La riunione doveva essere sempre la più breve possibile, per questo ci faceva stare in piedi. Quando prendeva una decisione stroncava sul nascere ogni tentativo di opposizione.
Al termine, giusto prima di uscire, con nonchalance, apriva il cassetto di Rappetti e si appropriava di una manciata di confettini di liquerizia riempiendosene la bocca prima tornarsene nel suo ufficio. E questo accadeva tutte le mattine che il buon Dio mandava sulla terra.
Un giovane equiparato dell’Officina Meccanica, Giancarlo Simonelli, ebbe un’idea per giocare uno scherzo memorabile all’ipocrita mangiatore di liquerizie. Trovò un o -ring[4] in gomma nera, dello stesso diametro delle liquerizie, con un cutter[5] lo sezionò in una trentina di tubetti del tutto simili ai confettini Saila, e per rendere ancora più verosimile la cosa li lucidò uno per uno con un velo d’olio lubrificante. Trovò una bustina di mentine vuota, vi versò qualche liquirizia vera, e la riempì coi confetti di gomma; il mattino successivo con mossa davvero rapida sostituì il pacchetto che Rappetti aveva riposto nel cassetto prima d’uscire. Naturalmente tutti sapevamo del cambio men che l’ignaro geometra e lo stesso Rappetti che non avrebbe sicuramente retto il gioco.

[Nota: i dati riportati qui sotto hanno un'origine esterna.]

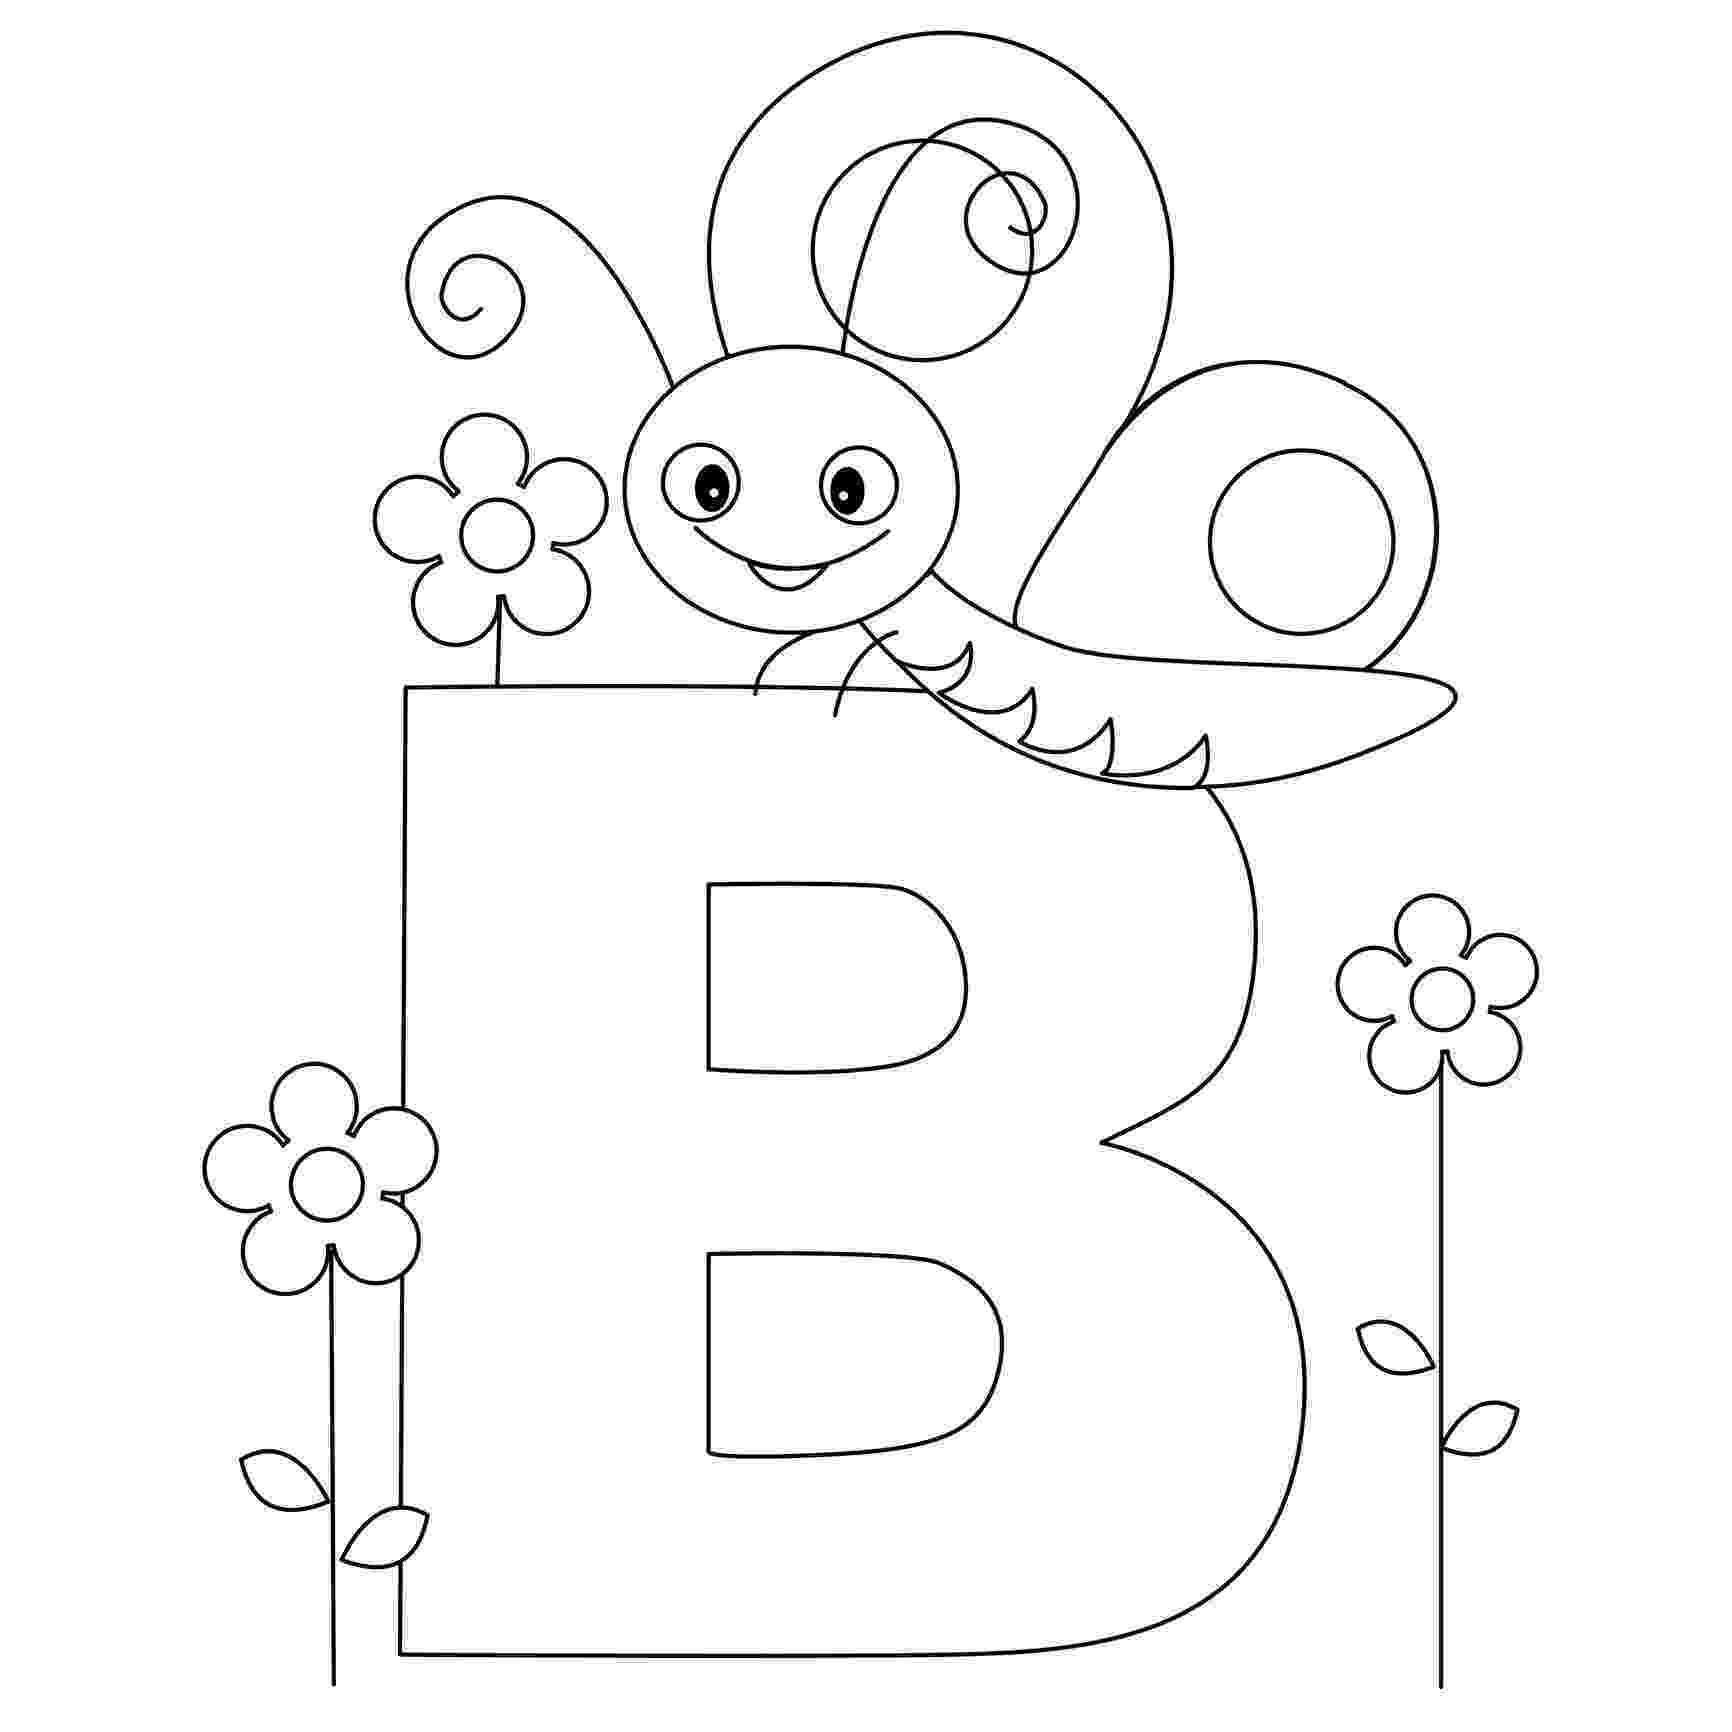 coloring animal alphabet free printable alphabet coloring pages for kids best animal coloring alphabet 1 3

Quel che accadde alla fine di quella riunione fu oggetto di risate tramandate ai posteri, perché di quello scherzo, fra gli addetti alla Manutenzione, si continuò a parlare fino a tempi piuttosto recenti.
Nel momento stesso in cui il geometra si riempì la bocca di confettini, si catenò una serie di domande alla quale non rispose. Mentre ognuno di noi lo incalzava con quesiti più o meno pretestuosi, lui, impassibile come Buster Keaton, continuava a masticare molto lentamente, guardando fisso davanti a sé e ogni tanto sputava una liquerizia, nel cestino. Sempre con nonchalance, una alla volta, fino a svuotarsi la bocca.
Ci mise oltre un quarto d’ora e noi fummo bravissimi a non ridere nemmeno una volta in sua presenza, nemmeno quando alzandosi s’allontano bofonchiando in genovese che “ mancu ‘e ciappelette sono più bunne cumme quele di’nna vòta.”
[1] Rappetti era un ex operaio dell’officina, diventato invalido (aveva il secondo dito della mano destra paralizzato in estensione) a cui erano state affidate mansioni amministrative accessorie.
[2] Categoria intermedia fra operaio e impiegato. Erano equiparati quasi tutti i capisquadra e alcuni lavoratori tolti dalla produzione per motivi vari e passati a fare lavori vari in ambito amministrativo o d’ufficio.
[3] In effetti nell’anticamera vasta dell’ufficio del capo della Manutenzione Meccanica era ubicata la vecchia scrivania con grandi cassetti ove Rappetti svolgeva parte del suo lavoro e spesso ripeteva che era il padrone di casa.